The use of low atomic number liquid metals has been shown to have the potential to solve many of the prevalent problems like erosion and radiation losses associated with the interaction of fusion plasma with the plasma facing component (PFC) structures in tokamaks. Since the first evidence of lithium increasing plasma performance in TFTR [1], the benefits of using lithium in fusion environments have been seen in many devices, including CDX-U [2], NSTX [3], LTX [4], and DIII-D [5]. While both fast flow and slow flow concepts have been studied with regards to liquid lithium first wall alternatives, this report will focus on efforts placed on fast flow research and will mainly focus on advancements in the LiMIT device that help to eliminate concerns over the broad use of liquid lithium. Due to the promising TFTR results along with results obtained at the University of Illinois at Urbana-Champaign [6], suitably designed trench structures holding liquid lithium could be an appropriate fast flow candidate for PFC modules in future fusion devices. There are four potential shortcomings of this approach: (1) Droplet ejection, (2) Wetting control, (3) Tritium retention, and (4) Limited heat flux handling. Droplet ejection is discussed in a companion publication [7], while this paper addresses the topics of wetting control and heat flux handling. Limitations in wetting and prevention of lithium creep (i.e. getting and keeping the lithium only where it should be) have been solved by laser-texturing the base material with extreme short laser pulses (pico – femto second) of high power (several 10s of W).
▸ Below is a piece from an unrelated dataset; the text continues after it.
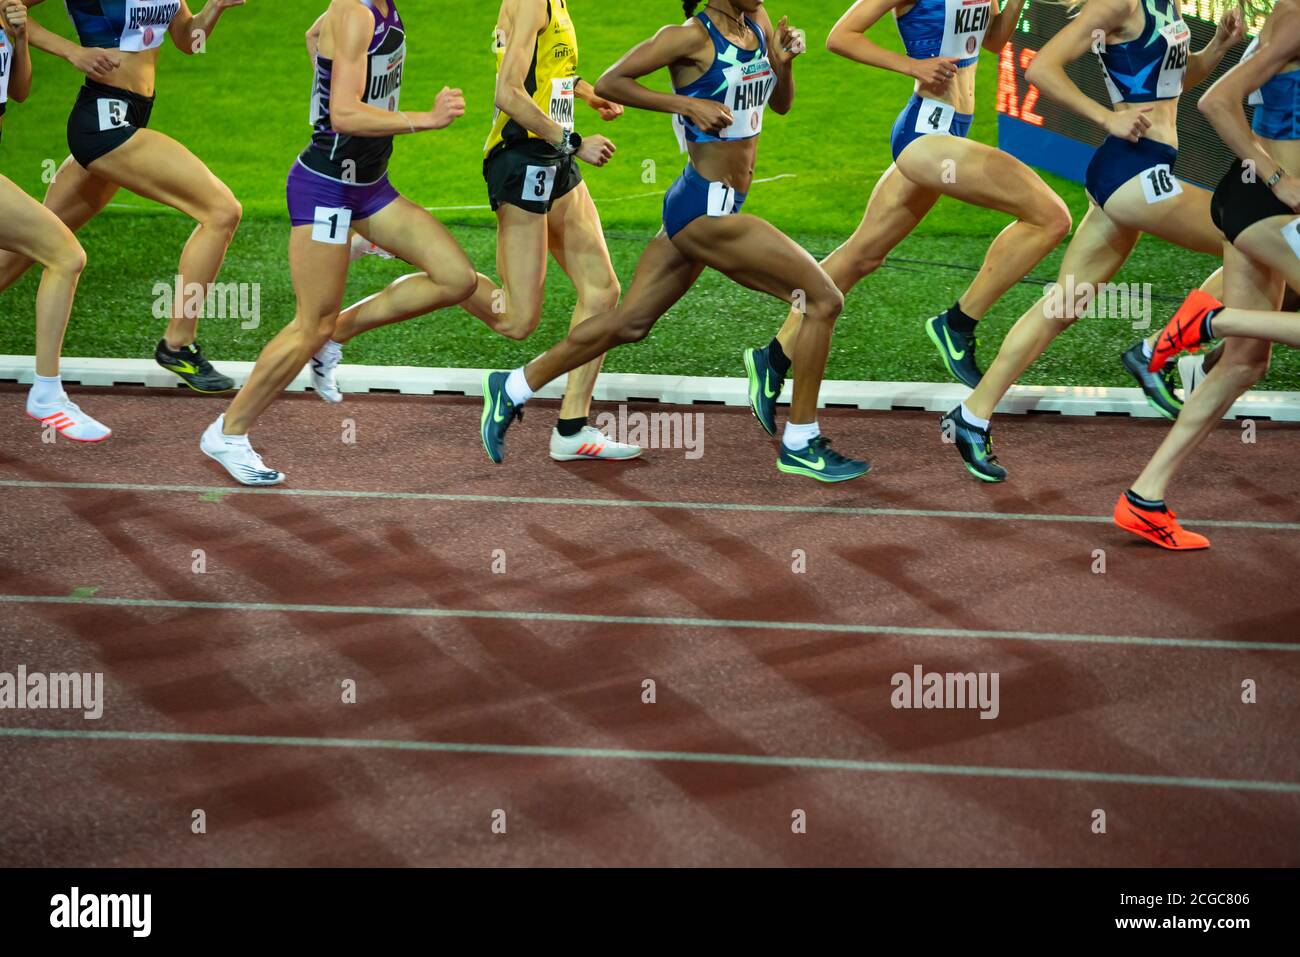 OSTRAVA, CZECH SEPTEMBER. 8. 2020: Legs of professional athletes on track and field race wearing controversial Nike running shoes. Air Zoom Stock Photo - Alamy
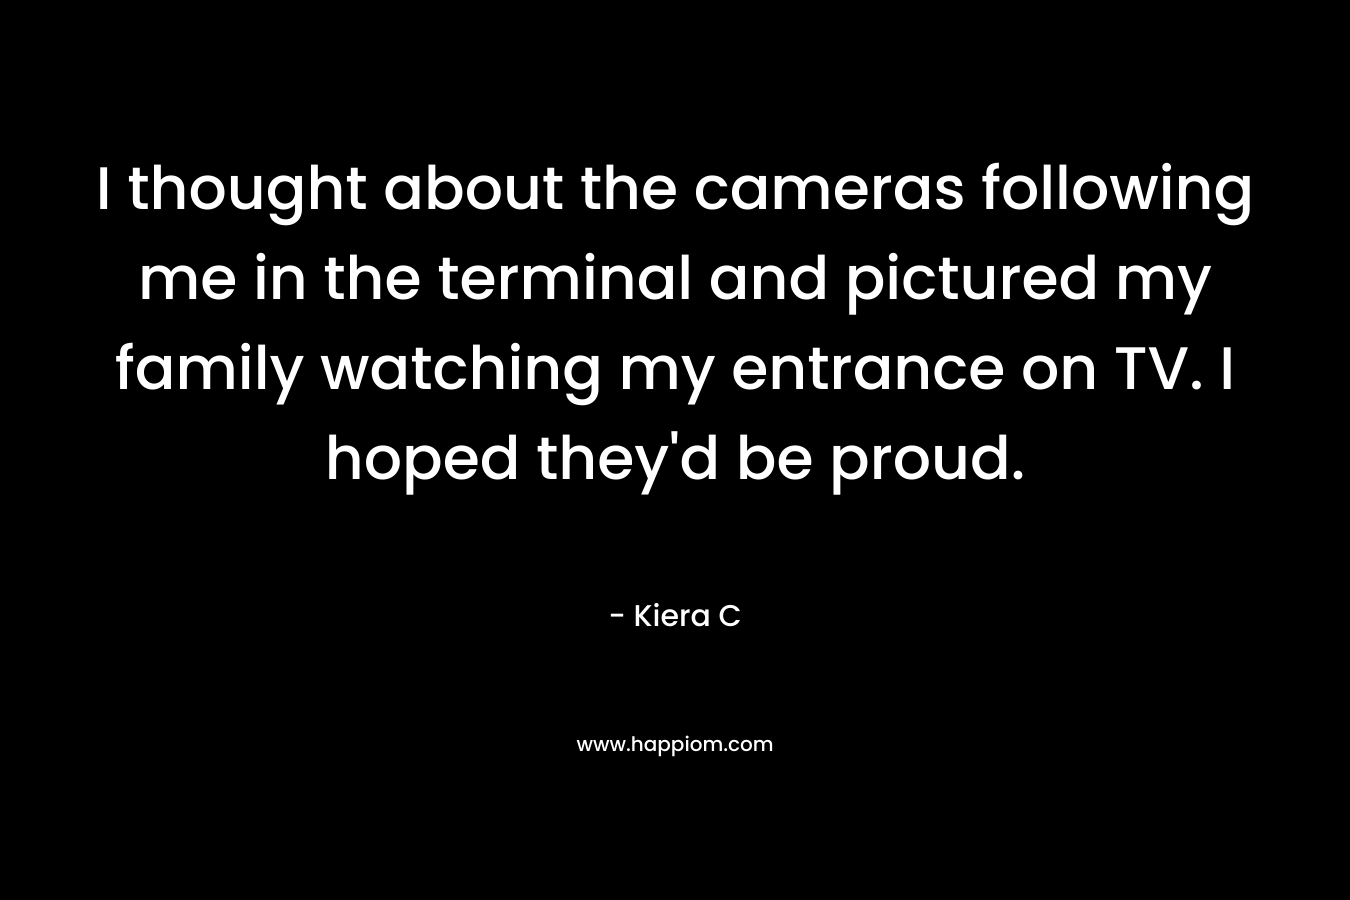 I thought about the cameras following me in the terminal and pictured my family watching my entrance on TV. I hoped they’d be proud. – Kiera C

Micro- and nano-structuring results indicate that the textured substrates displayed significant change in their wetting properties, increasing the temperature needed to wet from 310 °C to 390 °C. Lastly, initial designs for the Lithium Metal Infused Trenches (LiMIT) [6] showed dryout above 3 MW/m2, but new designs of the trench shaping show potential to be able to handle up to 10MW/m2. Dryout is accompanied by lithium evaporation which is shown to mitigate the incident heat flux, which may be viewed as beneficial [8]. The advances shown here will increase the viability of the LiMIT system in large-scale testing, and allow for extensive design iteration to begin tackling the large powers and heat fluxes present in reactor-relevant systems.